Angela et friend in climbing gym

La vie est souffrance

Alors, quelle est mon histoire ? Quel genre de voyage d'escalade était-ce, bon sang ?

Pour être honnête, j'ai quitté la Corée en me sentant plutôt confuse. Il y a une étrange polarité en moi, et mon identité de Coréenne-Américaine, grimpeuse, agricultrice/avocate, me semble incertaine, inacceptable, voire parfois inconfortable. Mes parents continuent de lutter, attendant désespérément que je mette fin à leur vie de pauvreté. Pourtant, je suis ici, à la ferme de Sol Mountain, profitant égoïstement de la beauté naturelle de la vallée de San Luis, et faisant tout ce que je peux pour rendre à ce qui m'a tant donné – l'escalade.

Ulsanbawi avait trop honte de rentrer chez elle et d'affronter le jugement, la honte et les conversations difficiles qui l'attendaient. Mon voyage de retour au pays ne m'a pas donné les réponses que je cherchais. Je n'ai pas réussi à franchir la fissure de 5.11. Je n'ai jamais reçu le soutien ou la compréhension de ma famille coréenne. Mais contrairement à Ulsanbawi, au moins, j'ai eu le courage d'affronter la maison que j'avais laissée derrière moi. Je ne pourrai peut-être jamais trouver un terrain d'entente avec ma famille, ni leur faire comprendre comment ma vie d'escalade me pousse à grandir, m'aide à trouver le succès et remplit ma vie de sens. Mais je peux au moins essayer. Je peux essayer de trouver un juste milieu pour être une agricultrice grimpeuse et raviver ma passion de pratiquer le droit pour les immigrants et les réfugiés. Je peux essayer de rester en contact avec mes proches et de continuer à partager des pans de ma vie, le bonheur que j'ai trouvé dans ce monde naturel.

J'ai appris que tout ne se résume pas à réussir ce projet ou à avoir cette conversation parfaite avec vos proches. Ce sont les échecs et les revers qui m'apprennent le plus dans la vie. Honnêtement, je ne me soucie pas d'atteindre les ancres, mais je choisis de trouver le plaisir et la croissance dans le moment présent – qu'il soit rempli de douleur ou de joie. Un peu comme les longueurs difficiles en "offwidth" d'Ulsanbawi, la vie est souffrance. Et en embrassant et en laissant aller cette souffrance, nous pouvons trouver la paix.
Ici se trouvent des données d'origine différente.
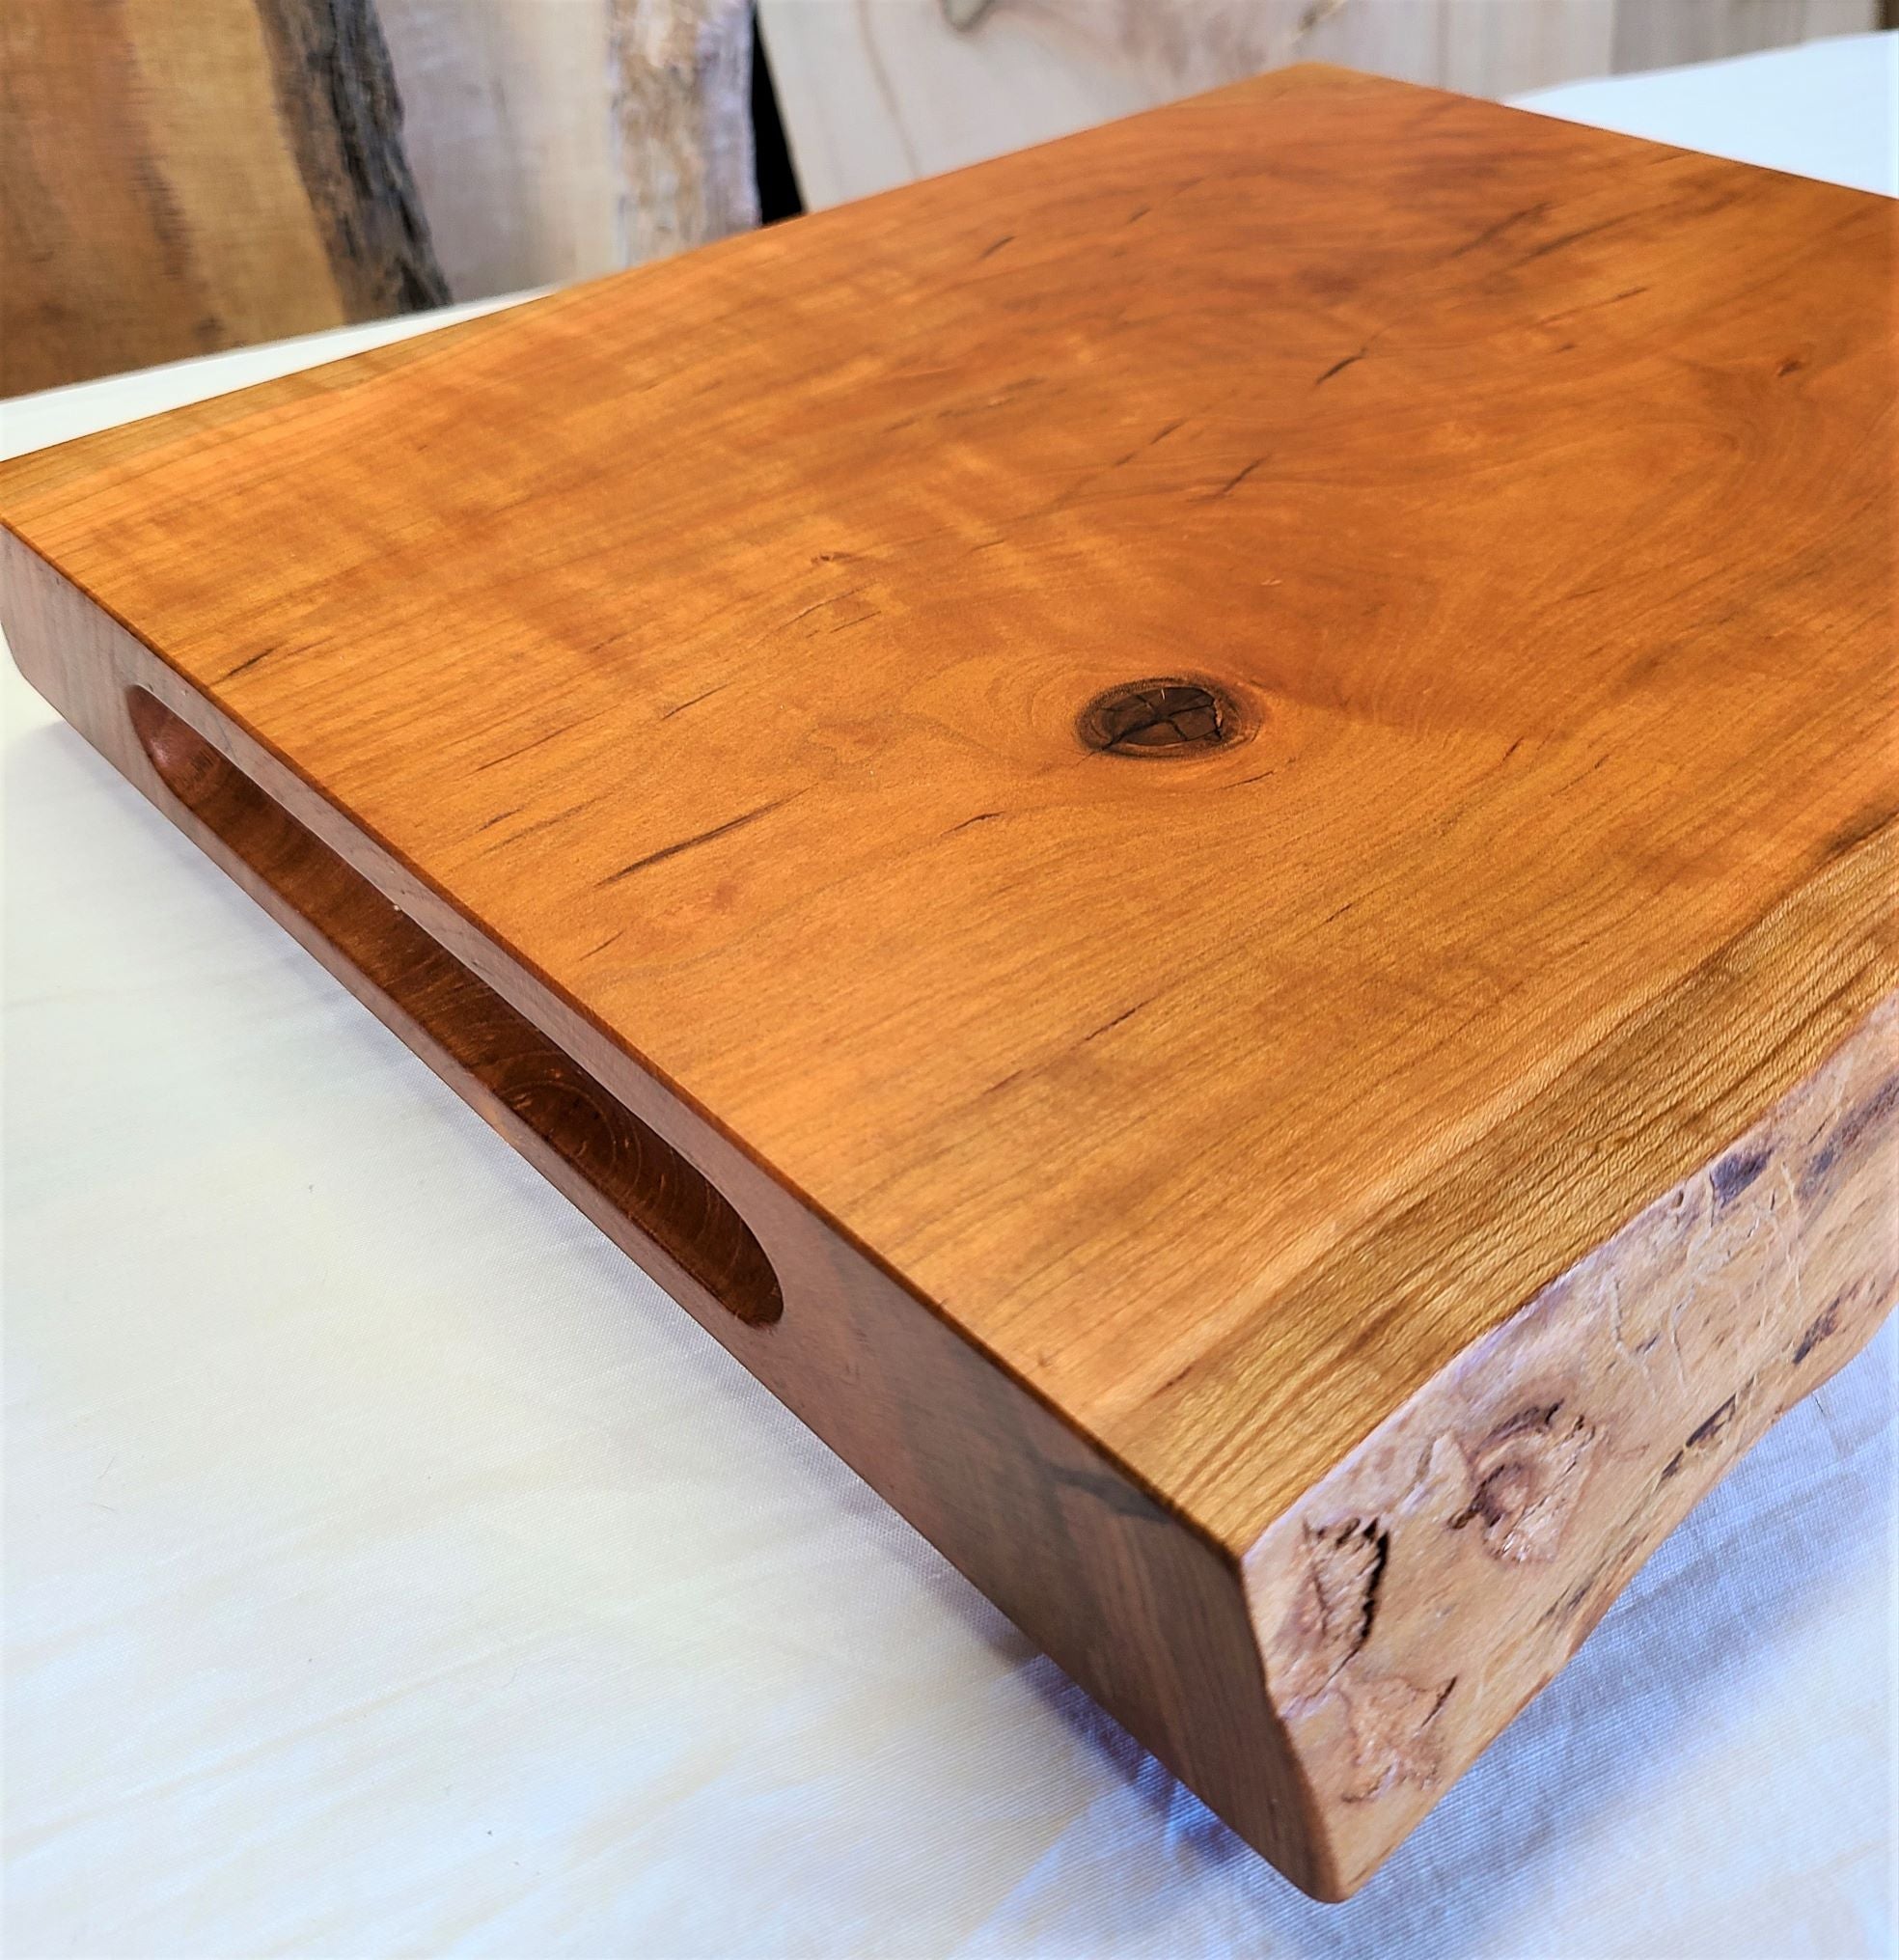 2" thick Cherry Cutting Board with routed finger grooves and features a live edge.  This custom cutting board is made in USA by ZimBoards.

Bien sûr, il y a l'évidence de l'affaire inachevée dans la multitude de fissures de granit coréen que je n'ai pas encore "jamé". Mais renouer avec ma famille – amère ou douce – a créé ce nouvel espace pour des relations que je veux remplir et explorer. Ce sera peut-être un travail difficile, mais ma connexion avec ma famille et ma culture vaut la peine d'être cultivée. Je veux que ma nièce me connaisse, et je veux faire partie de leur vie. Je serai peut-être toujours déconcertée par l'étalement urbain capitaliste de Séoul, et la Corée ne se sentira peut-être jamais vraiment « chez moi »... pourtant je suis complètement enchantée par l'histoire, la culture alimentaire et agricole, et l'avenir de l'escalade coréenne. Peut-être l'année prochaine, je pourrai passer du temps avec la famille à nouveau, grimper Insubong, puis faire un saut à LiMing avec Myoughee pour ouvrir de nouvelles voies. J'ai hâte d'y retourner.